I love my Formlabs printers, and appreciate how much work it takes to build a successful company beyond just making a prototype. But that thing looks pretty compelling.
In general the cleanup for a polyjet print is extremely messy to remove the support material. On top of that because they use peizo print heads they tend to spray dots of material that ultimately leave crude fuzzy build lines unlike an sla that produces a smooth almost analog build lines and have clean edges because the edges are drawn by a clean laser dot.
Materials are still photo reactive so the variety of material types are similar between the 2 systems. The only real advantage of a polyjet besides not needing a pdms layered tank is they don’t require the support structures that a SLA or DLP system do because it prints a photo reactive (part) and support (non photo reactive) material. They are similar to the wax based systems such as the Solidscapes that use 2 print heads printing 2 different melt temperature waxes (lower temp is the support material).
Polyjet is a pretty awesome technique but I wonder how they are going to cope with the patents that are already there by stratasys.
Probably the resolution will be lower, but the multi material in one print is quite awesome. It allows you to print rubber sealing together with rigid parts.
At least it shows that a LOT of innovation is ongoing!
From the stats they’re saying it sounds like it could be good–but many 3D printers are written that way.
Since they’re doing their own print head design then it might be better than the other printers, but it could be worse. They compared directly to the Form1 and said it can print better but that would remain to be seen. They don’t have enough photos of printed objects. Still, it’s very exciting to see this type of printer getting made more affordable.
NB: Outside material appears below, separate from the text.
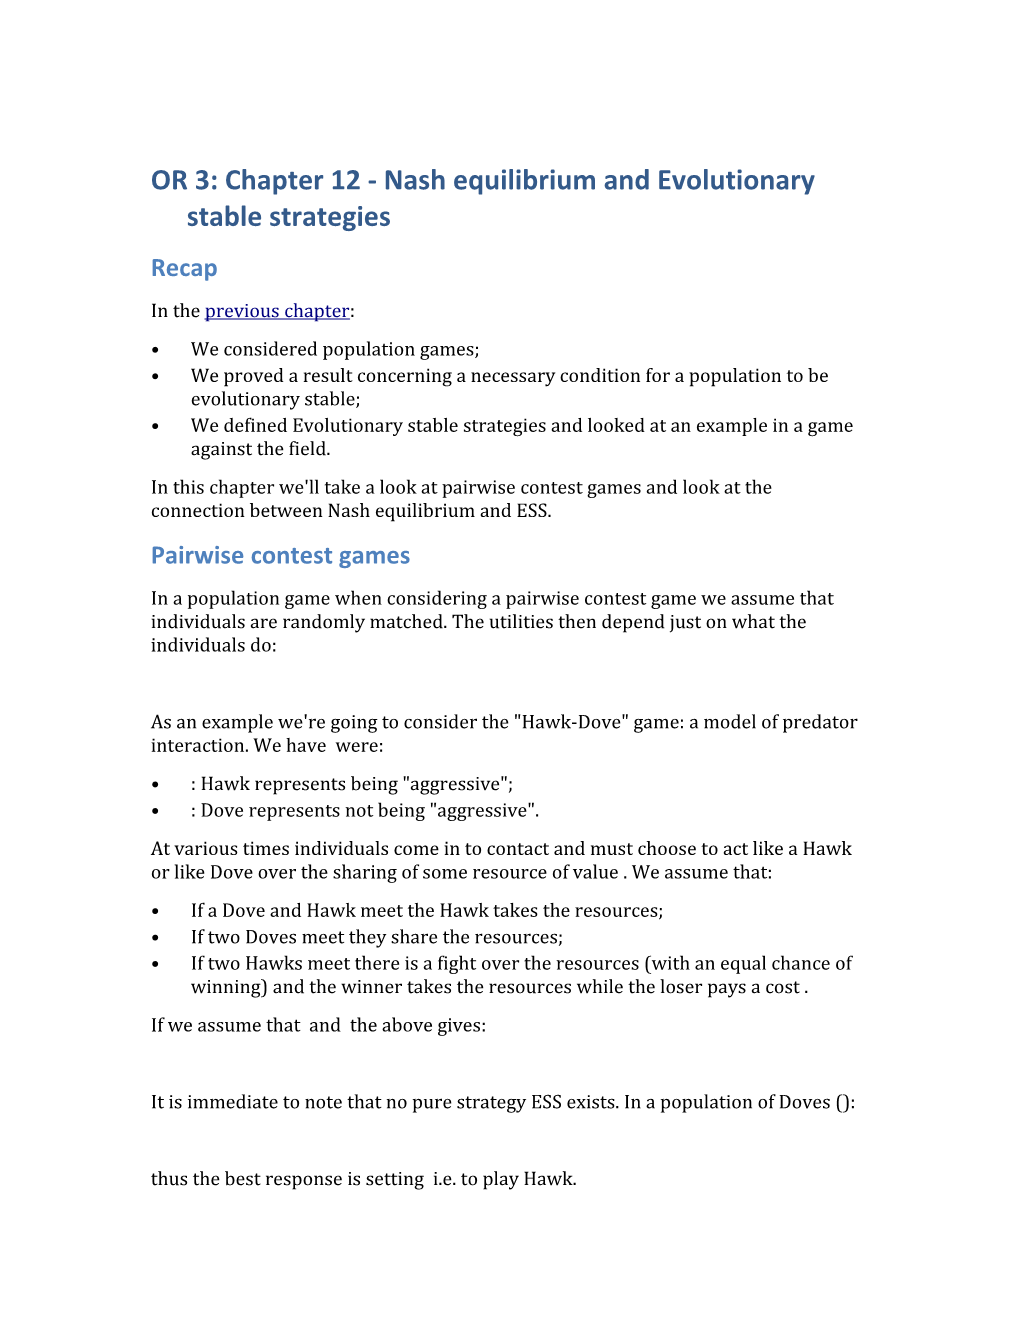 OR 3: Chapter 12 - Nash Equilibrium and Evolutionary Stable Strategies

It is innovative. Just like the Form 1, 1+ and 2. 3D printing exists since 1980’s so nothing is innovative in that sense.
That they are aiming to sell a cheap printer, with good capabilities instead having to pay >100,000 dollar is innovation.
It’s the circuit printing that’s exciting. I backed Squink’s kickstarter, but it seems like this new polyjet could replace the Form N and the squink - very slick and 5micron resolution. Wow. Imagine printing the entire device with the boards integral.
5 micron still remains to be seen. The machine can probably position in 5 micron steps but I highly doubt this for the actual part. It’s still a droplet of resin that has to stay in place with all the interactions involved(like surface tension).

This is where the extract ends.